The silence continues, swallowing them both.

Her voice is almost crazed when she breaks it, "Is the snow still — ?"

"Yeah."

Pulls himself upright again by sheer shame alone, but doesn't need to look to confirm. The weather had only worsened since they'd woken up, late, caught in a winter gale he shouldn't have ignored alerts for. She'd made it easy, though, to ignore everything sensible. Names, details, contexts. Just soft skin, curved hips, silver tongue. She'd kept her stiletto boots on, too, introducing him to a kink he didn't know he had until she'd pinned him to the floor of her foyer. The visible-from-the-dining-room foyer that he'd had to spin his laptop away from as the video connected, make sure their still scattered clothes weren't caught in the wide angle view — just seconds after snatching her French lace Mylas from the ceiling light fixture above him, spotting it in the upper corner of his screen as he was about to open the meeting link. Thought to himself how lucky he was to pull this off, swearing never to go straight from an overly delayed train to a night cap bar on a weeknight ever again.

"Are you still there?" She's talking at him through the closed door, voice carrying far despite the panicked tones. Hadn't minded how she'd carried it last night, pleasure wrung, but the sobering doom of daylight won this round. Turns his face in the direction of her bedroom now, the one place they hadn't ended up last night. Go figure.

"Look, I'm, I'm really — I really didn't know you were — ,"

"Do you not look up your meeting schedule?" She sounds shrill, unhinged. He imagines he does, too.

"My assistant sets it."

"And you just show up?"

"I'm really good — at my job." Presses her further, refusing to take all the wallowing embarrassment. "And you, shouldn't you have looked my company up when you took the meeting?"

"I researched the top brass!
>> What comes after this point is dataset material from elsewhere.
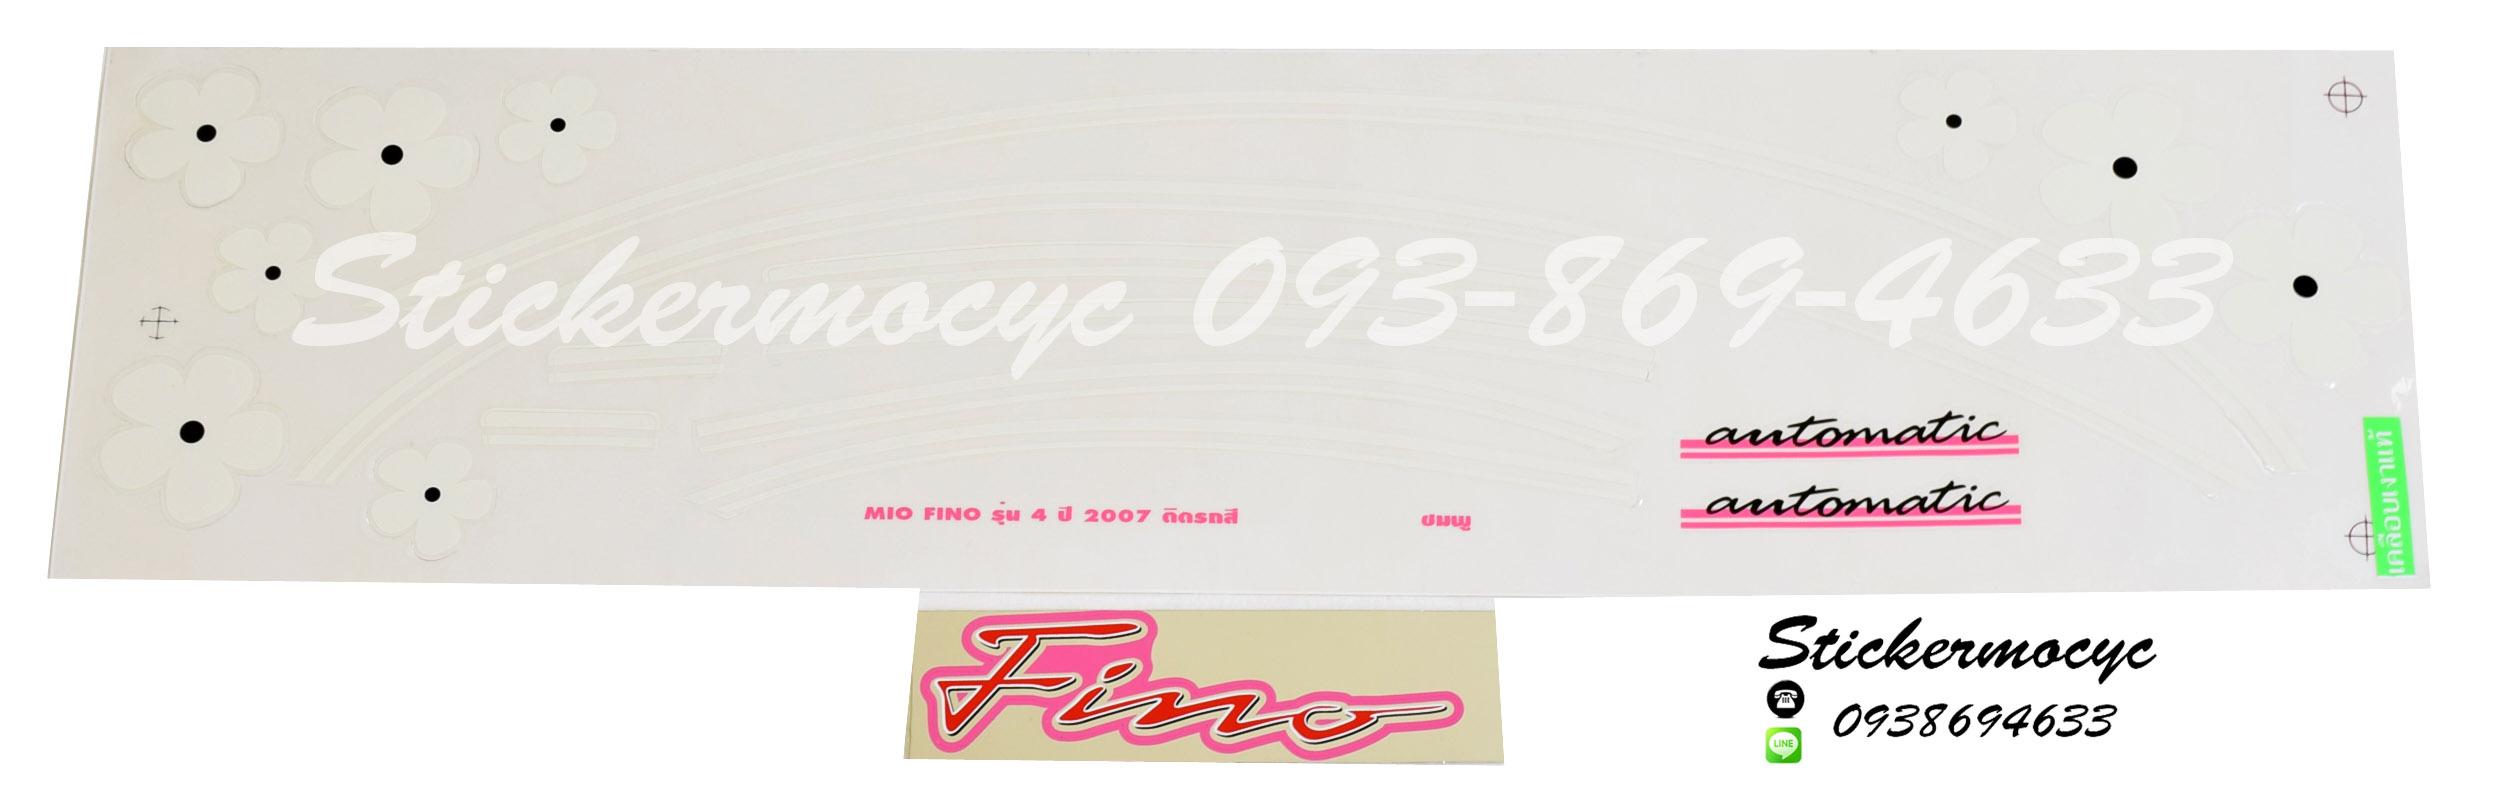 สติ๊กเกอร์ Yamaha Fino ปี 2007 รุ่น 4 ติดรถสี ชมพู (เคลือบเงา)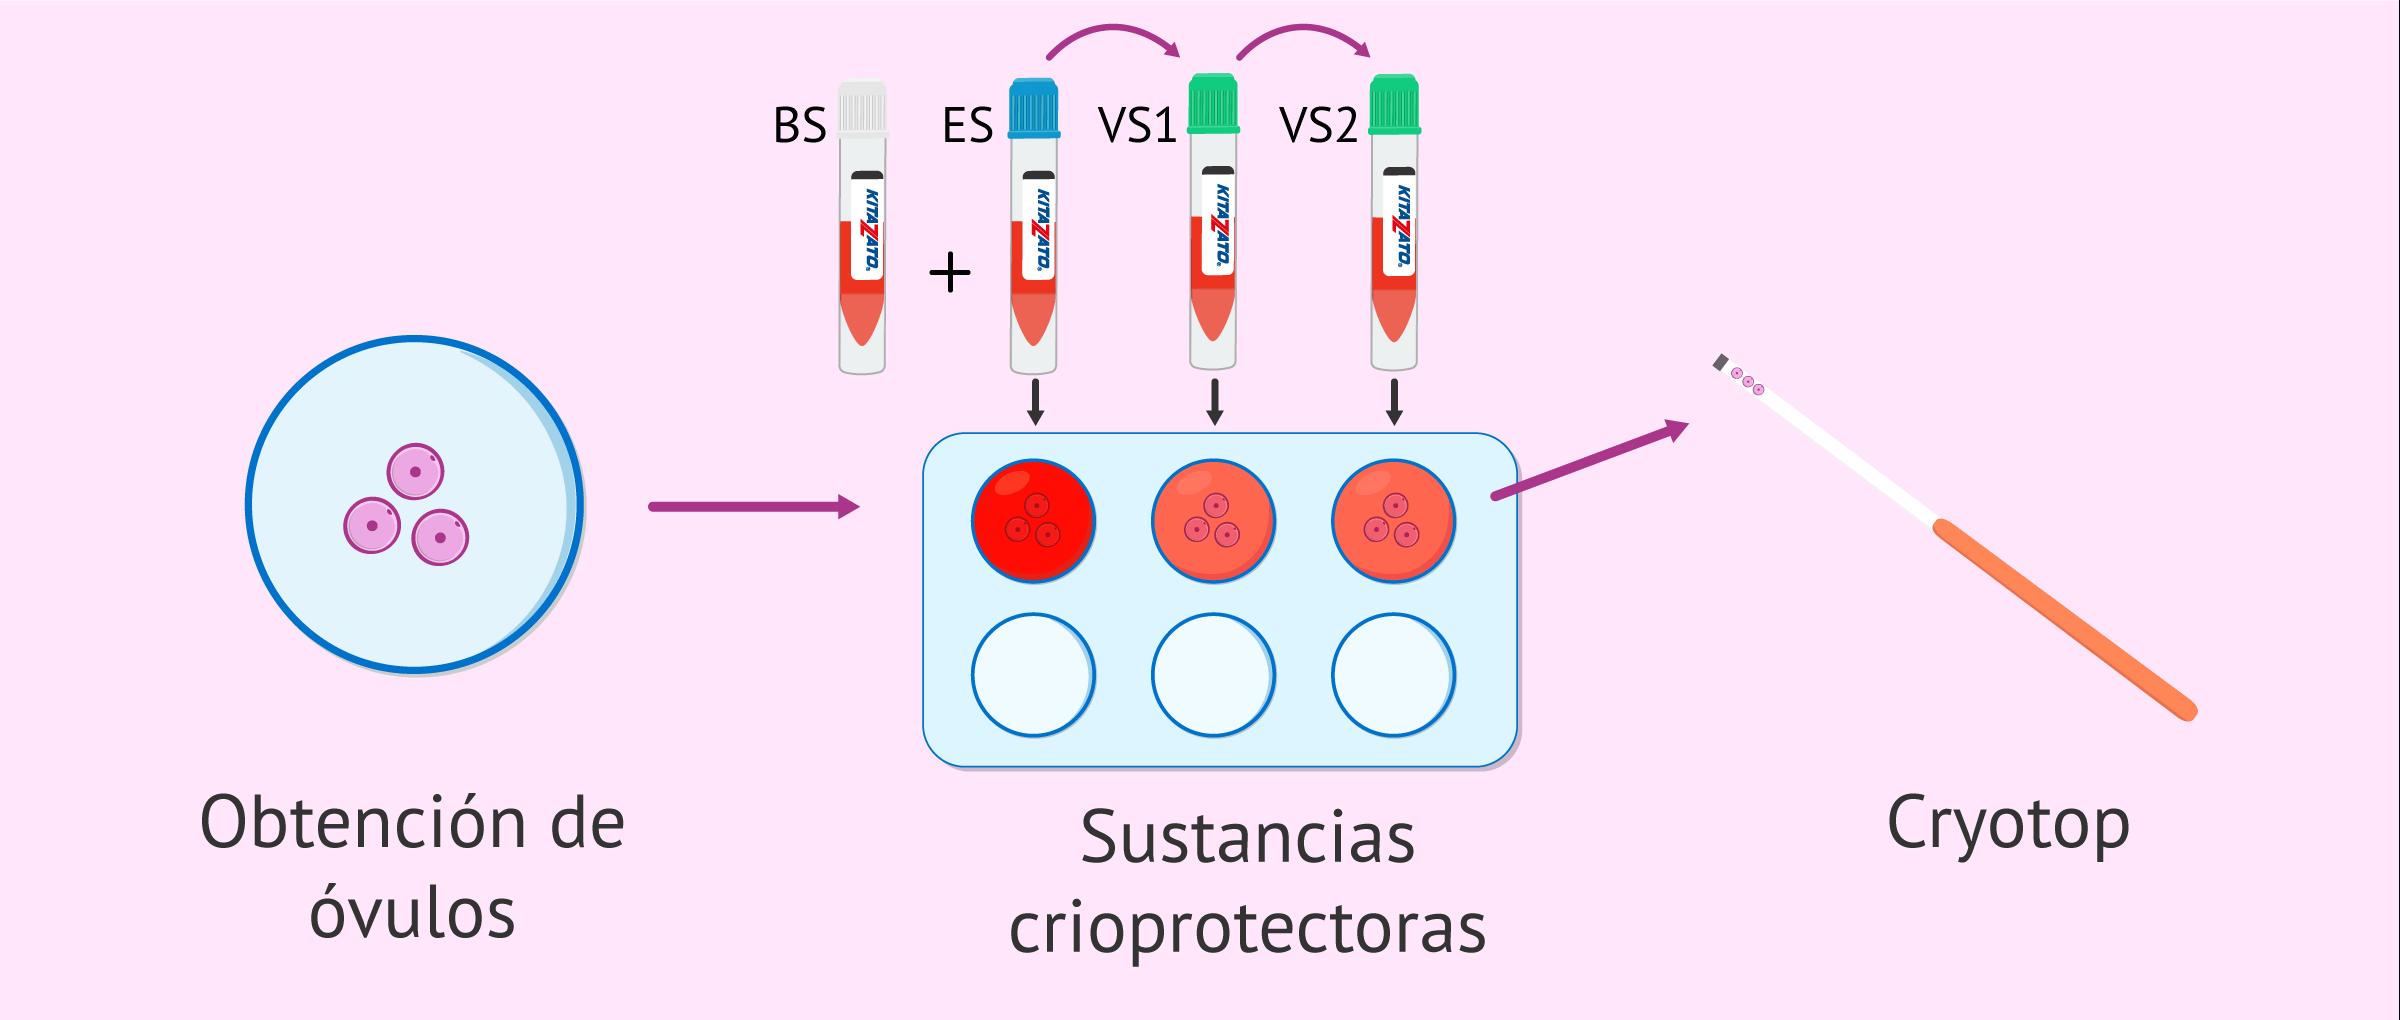 Vitrificación ovocitaria

Not my fault that's not you." Her tone is indignant, like she can tell he's trying to shift the blame. Well, she had good instincts then. That's a fortunate sign for a investment-worthy client. Potential client. Former client. Failed client. Fuck. No way is he getting that promotion now.

He lowers his hands to his lap, shoulders sunk. Defeated. "We need to rejoin the call."

"No."

"Waiting's just going to make it worse."

"I'm saying I have connectivity issues."

"And I — ?"

"Have poor judgement."

"You were the only good choice." The best one he could have made, in every moment. Had never seen eyes like hers before, rivaling stars. He wasn't stupid, even if he let himself act like it, around eyes like that. She falls quiet now, and he starts muttering aloud, mostly to himself, "Look, the longer we hold out — ,"

"Let me think."

"Okay." He shifts in the chair, stares out the window at the falling snow.

The door creaks open, and she's lingering in the hallway. Looks devastated. And devastating, too, his distracting thoughts settling on glossed pink lips, curled shoulder cut, white blouse with a floral scarf tie. Pajama shorts below that, because why bother anymore, in virtual meeting rooms. He feels hungover again, looking at her. She returns the feeling exactly.

"Oh, you're real." She whines this, holding her head with both hands. "All of this is real."

Not like he's celebrating it either. Gestures a weak ta-da anyway.

"This is my lowest moment."

Flinches, because same."We don't — I meant, we might be able to pull this off, right?"

She's shaking her head. "I've held too many work parties here."

Finds the implication weird enough to fixate on, a bad habit when he's stressed. "Why would you let your employees into your home?"

Blinks at him, like it's the most obvious answer. "It's a family company. They're my family." Then just about wails into her palms, "I've sullied my family's company — ,"

"Okay, 'sullied' seems extreme — ,"

" — and for what? For that?" Flaps a helpless arm in his direction.

Now has a completely different reason for being heated. "You were fine enough with 'that' to wake me up twenty minutes ago with your mouth on my — ," and stops when her phone rings, from the bedroom. She gapes down the hallway at it, but doesn't move. His voice drops, pained, "You have to answer."

Her whole body is trembling. "No."

"You have to. They might think something's happened to you."

"Something has happened to me." Whimpers, kneading her cheeks with her fingers, "I'm trapped in a blizzard with a one night stand, and everyone at work is going to know."

"Yeah but…" searches, clawing, for the silver lining, "what's one night between family?"

Something like a laugh bubbles from her throat, until she pivots accusingly towards him. "Don't make jokes."

Holds both hands up. "Like this is gonna get any more awkward?"

"Better not." Looks like it's physically hurting her to concede to him.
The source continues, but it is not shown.